** Data segment follows **
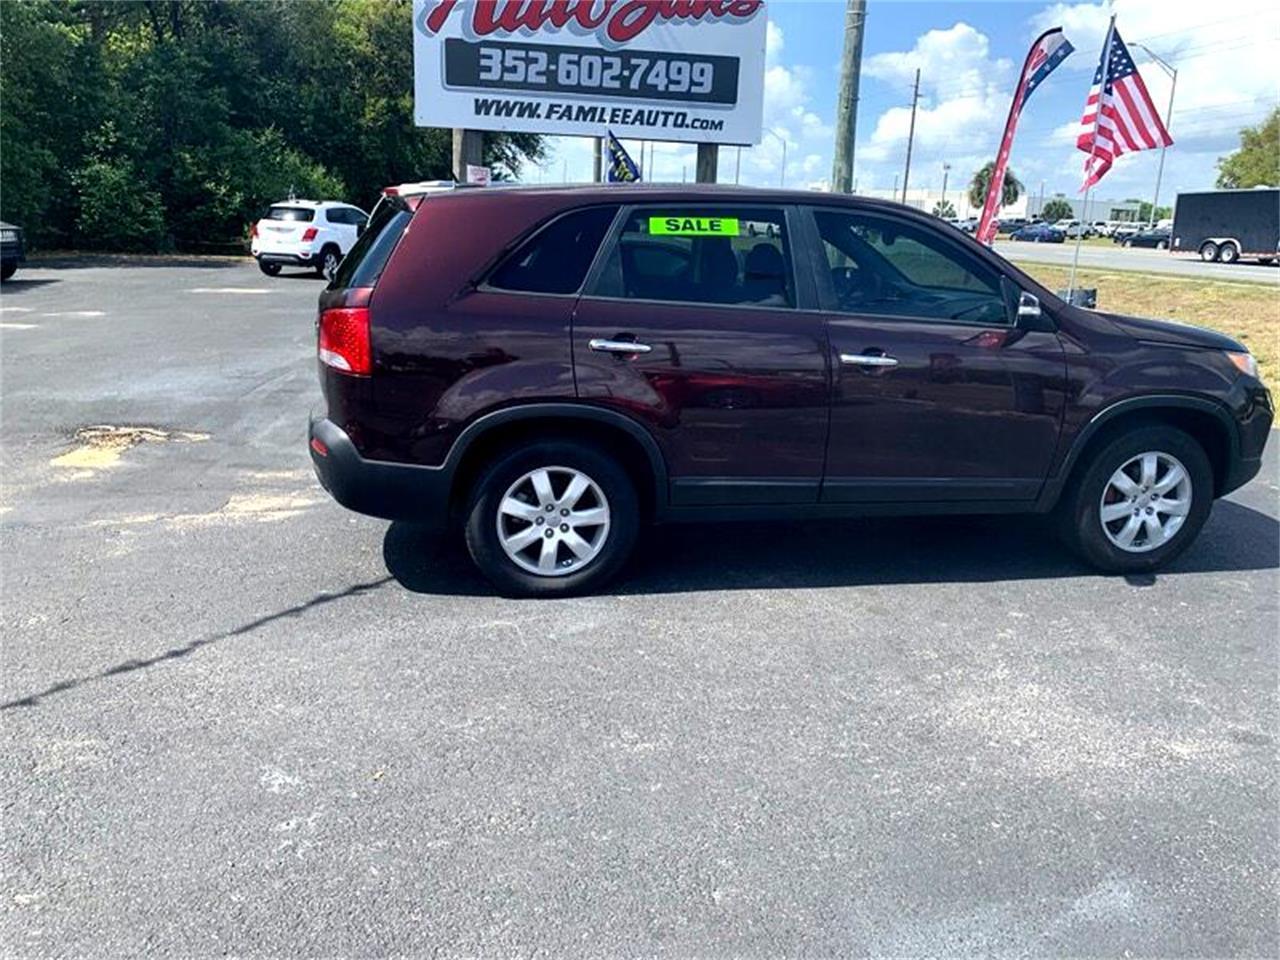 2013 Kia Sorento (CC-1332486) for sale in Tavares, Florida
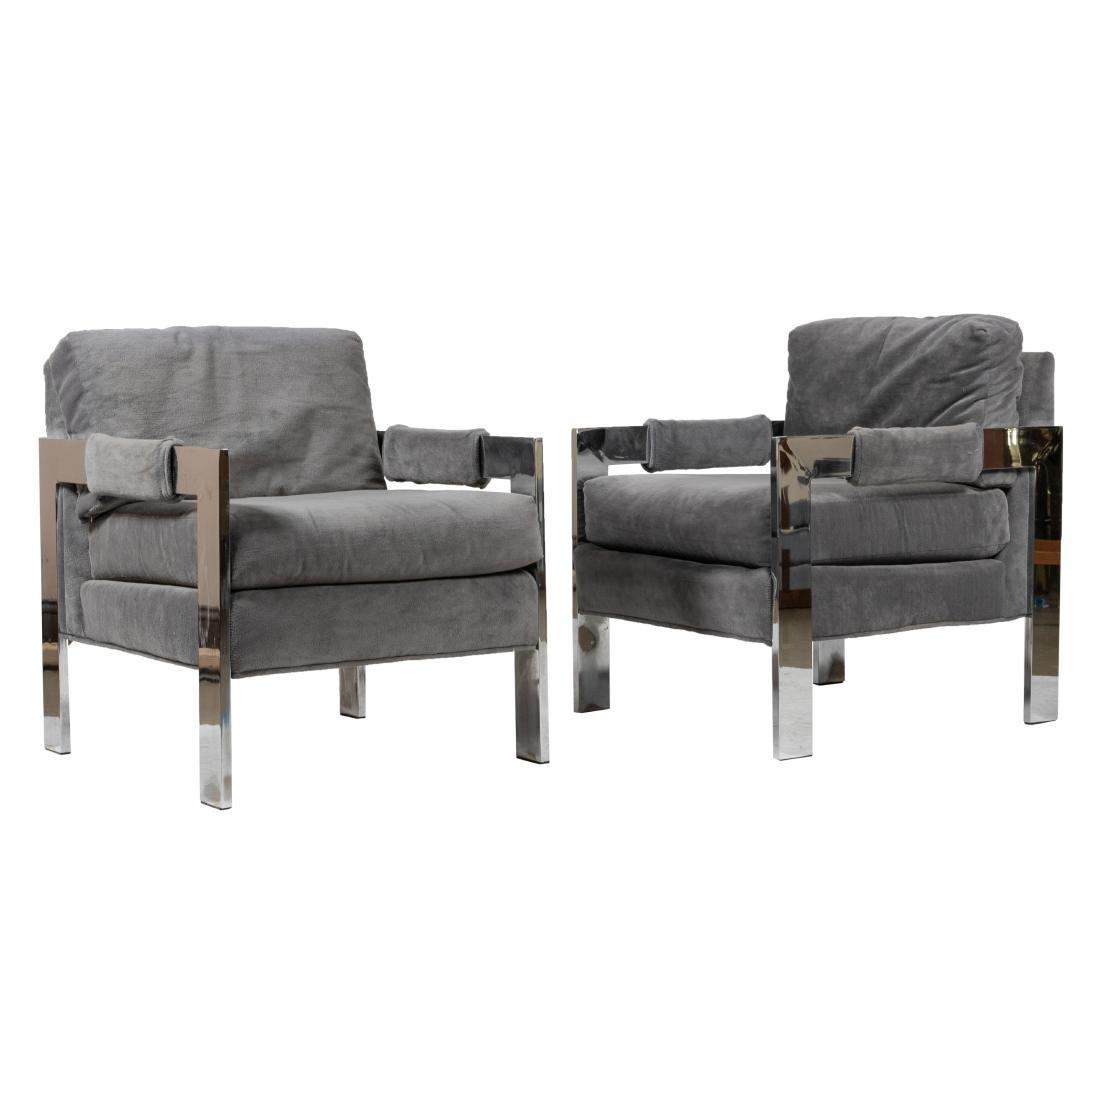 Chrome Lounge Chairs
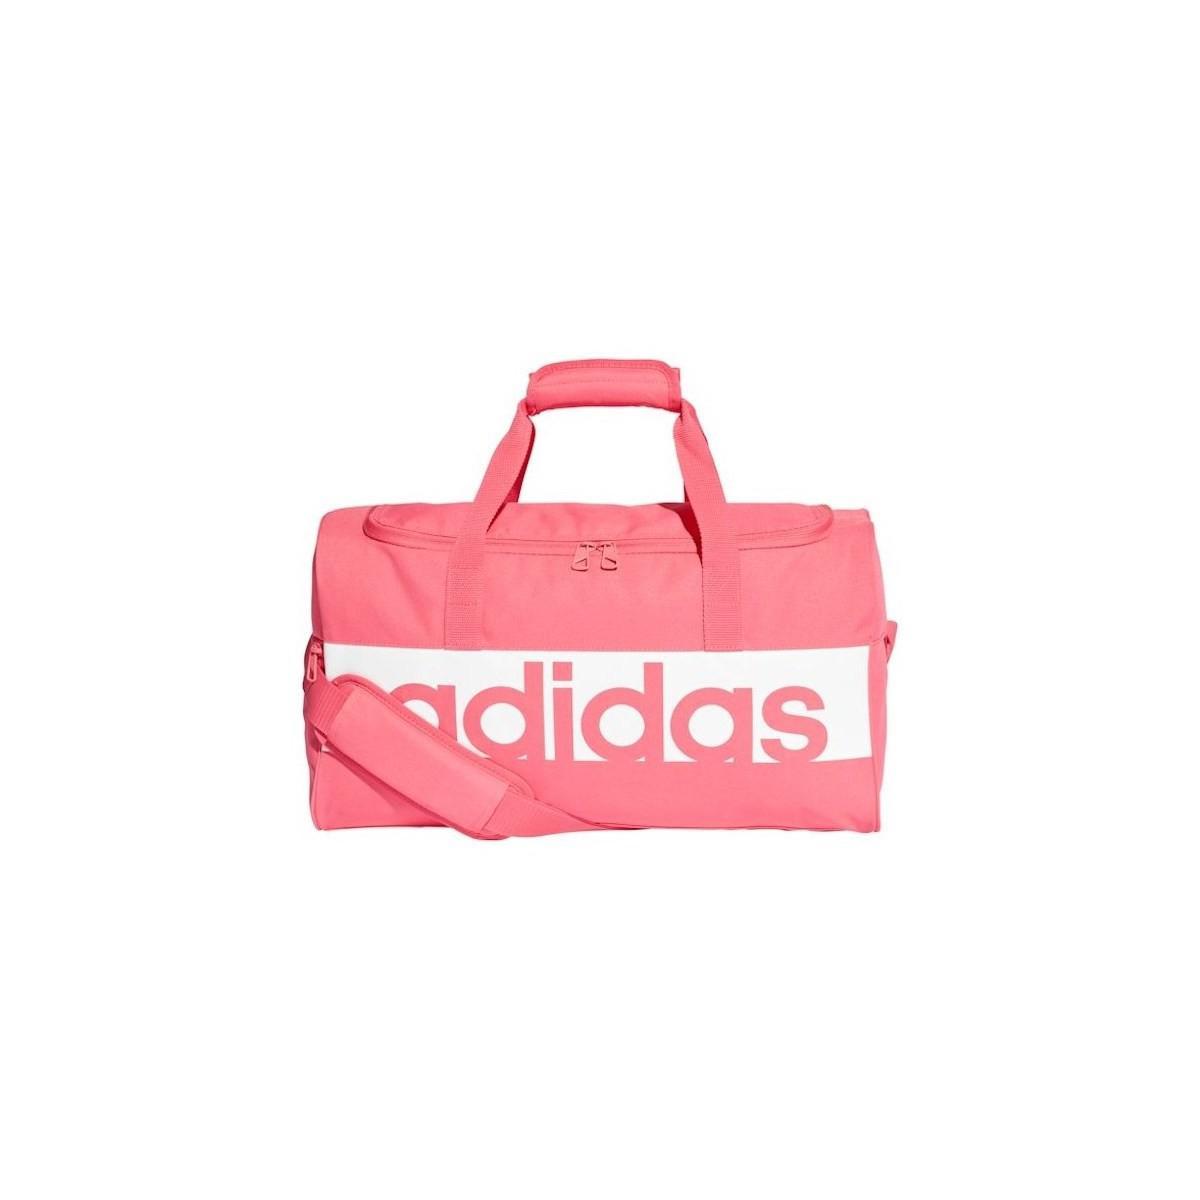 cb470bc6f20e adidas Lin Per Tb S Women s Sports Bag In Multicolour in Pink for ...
** End of Data segment **
What the exercise asks => Repeat the data above exactly, but not the pictures.

Response box =>
 2013 Kia Sorento (CC-1332486) for sale in Tavares, Florida
 Chrome Lounge Chairs
 cb470bc6f20e adidas Lin Per Tb S Women s Sports Bag In Multicolour in Pink for ...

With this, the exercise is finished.